More Thinking, More Bias: Length-Driven Position Bias in Reasoning Models

arXiv

Xiao Wang

May 11, 2026, 12:00 AM

arXiv:2605.06672v1 Announce Type: new Abstract: Chain-of-thought (CoT) reasoning and reasoning-tuned models such as DeepSeek-R1 are commonly assumed to reduce shallow heuristic biases by thinking carefully. We test this on position bias in multiple-choice QA and find a different story: within any reasoning-capable model, per-question position bias scales with the length of the reasoning trajectory. Across thirteen reasoning-mode configurations (two R1-distilled 7-8B models, two base models prompted with CoT, and DeepSeek-R1 at 671B) on MMLU, ARC-Challenge, and GPQA, twelve show a positive partial correlation between trajectory length and Position Bias Score (PBS) after controlling for accuracy, ranging from 0.11 to 0.41 (all p < 0.05). All twelve open-weight reasoning-mode configurations show monotonically increasing PBS across length quartiles. A truncation intervention provides causal evidence: continuations resumed from later points in the trajectory are increasingly likely to shift toward position-preferred options (16% to 32% for R1-Qwen-7B across absolute-position buckets). At 671B, aggregate PBS collapses to 0.019, but the length effect still manifests in the longest quartile (PBS = 0.071), suggesting that accuracy gates the expression of length-driven bias rather than eliminating the underlying mechanism.
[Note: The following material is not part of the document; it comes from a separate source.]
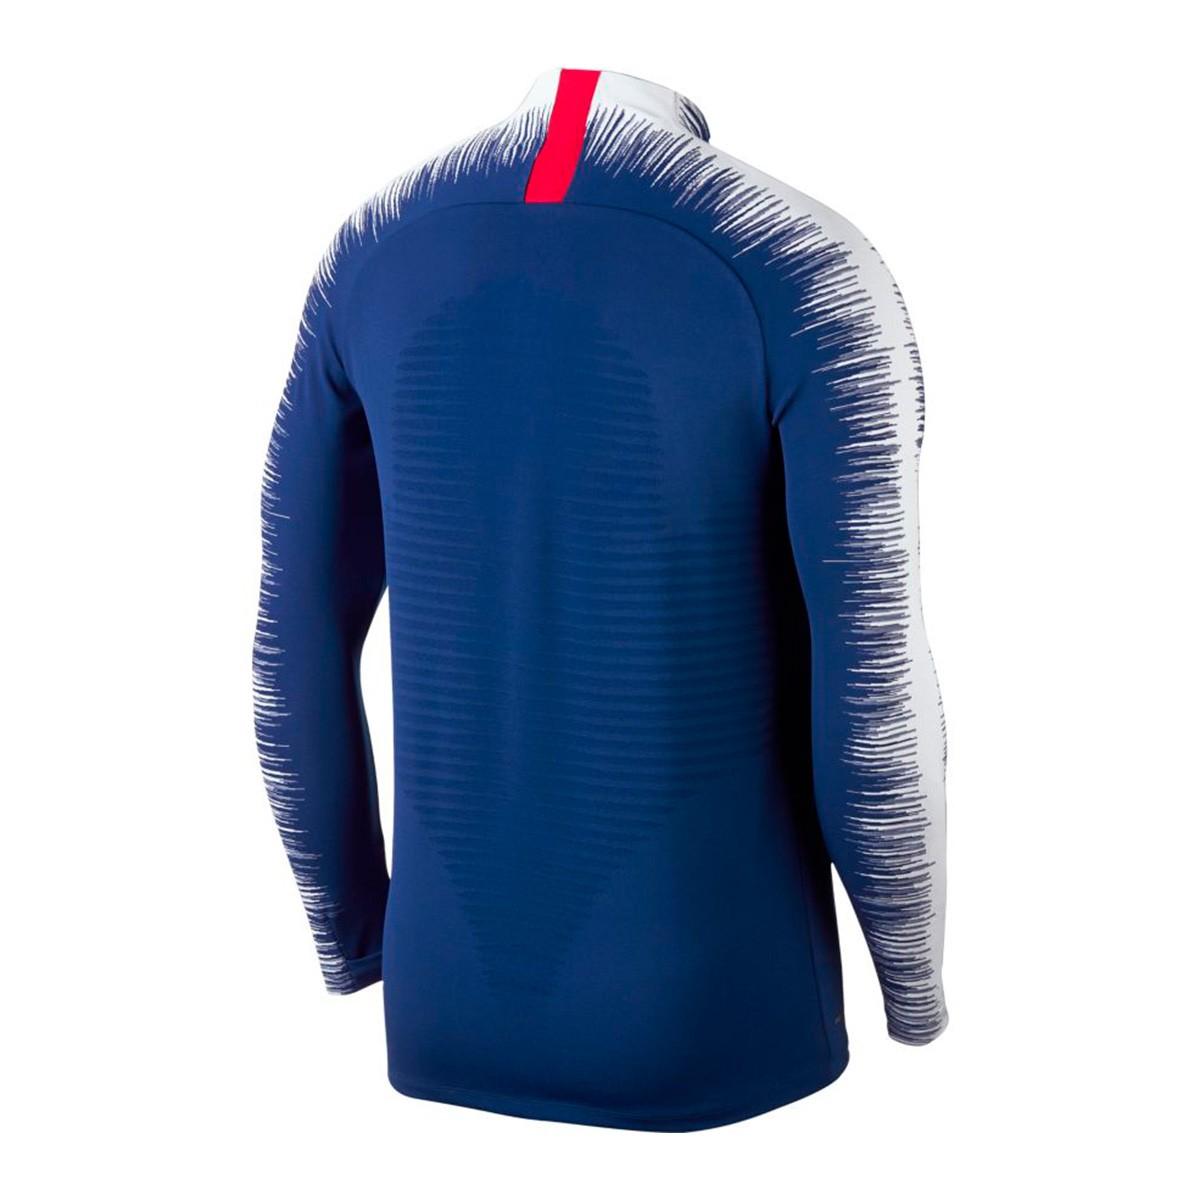 bfec142a91 Sweatshirt Nike Chelsea FC VaporKnit Strike 2018-2019 Rush blue-White -  Football store Fútbol Emotion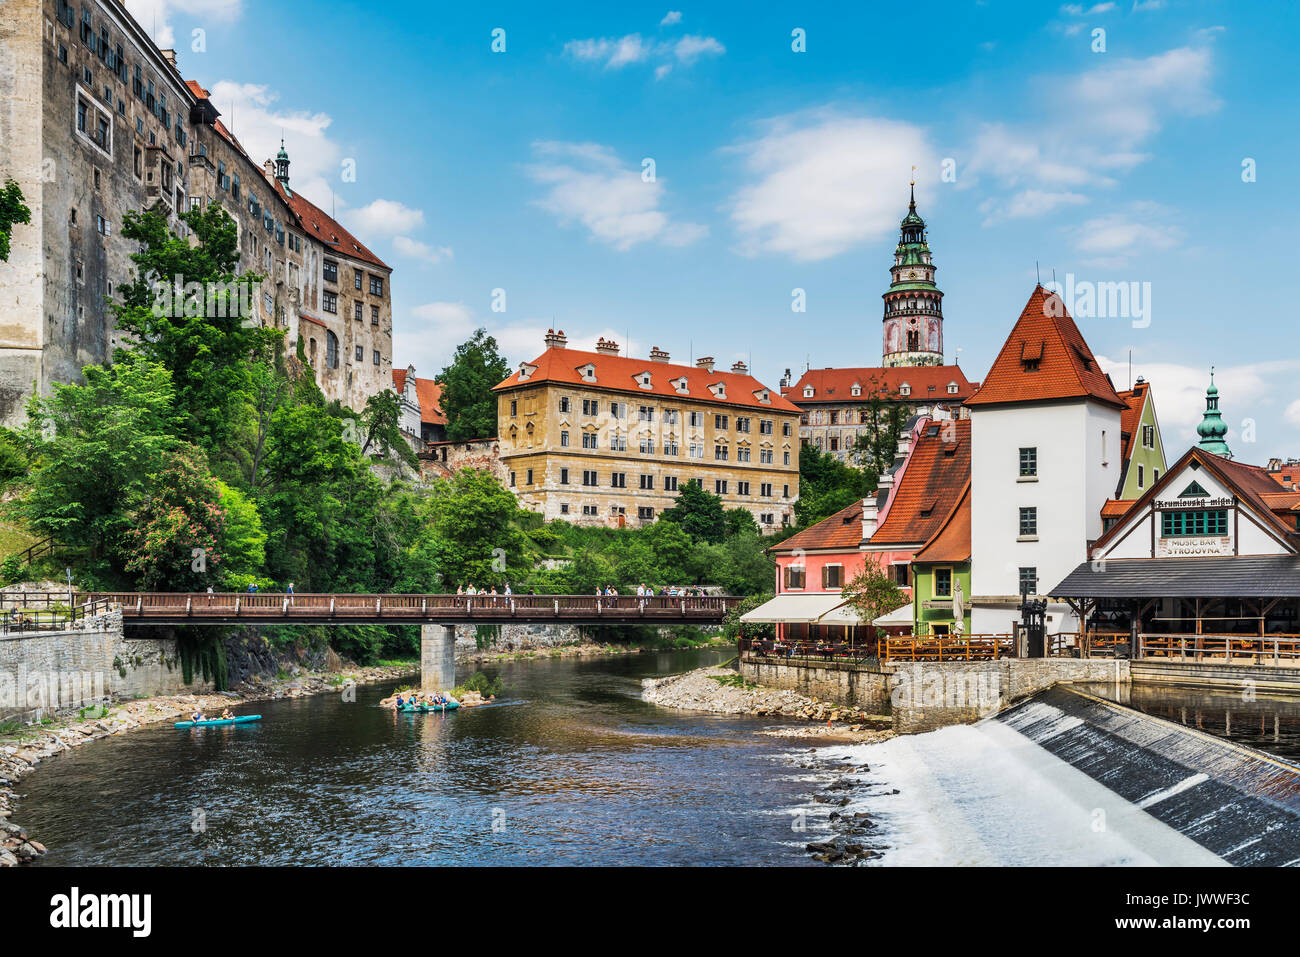 View of the old town of Chesky Krumlov, the Castle Chesky Krumlov and the River Vltava in Bohemia, Jihocesky Kraj, Czech Republic, Europe - Stock Image

We additionally find that direct-answer position bias is a distinct phenomenon with a different footprint (strong in Llama-Instruct-direct, weak in Qwen-Instruct-direct, and uncorrelated with trajectory length): CoT reasoning replaces this baseline bias with length-accumulated bias. Our results argue that reasoning-capable models should not be treated as order-robust by default in MCQ evaluation pipelines, and offer a diagnostic toolkit (PBS, commitment change point, effective switching, truncation probes) for auditing position bias in reasoning models.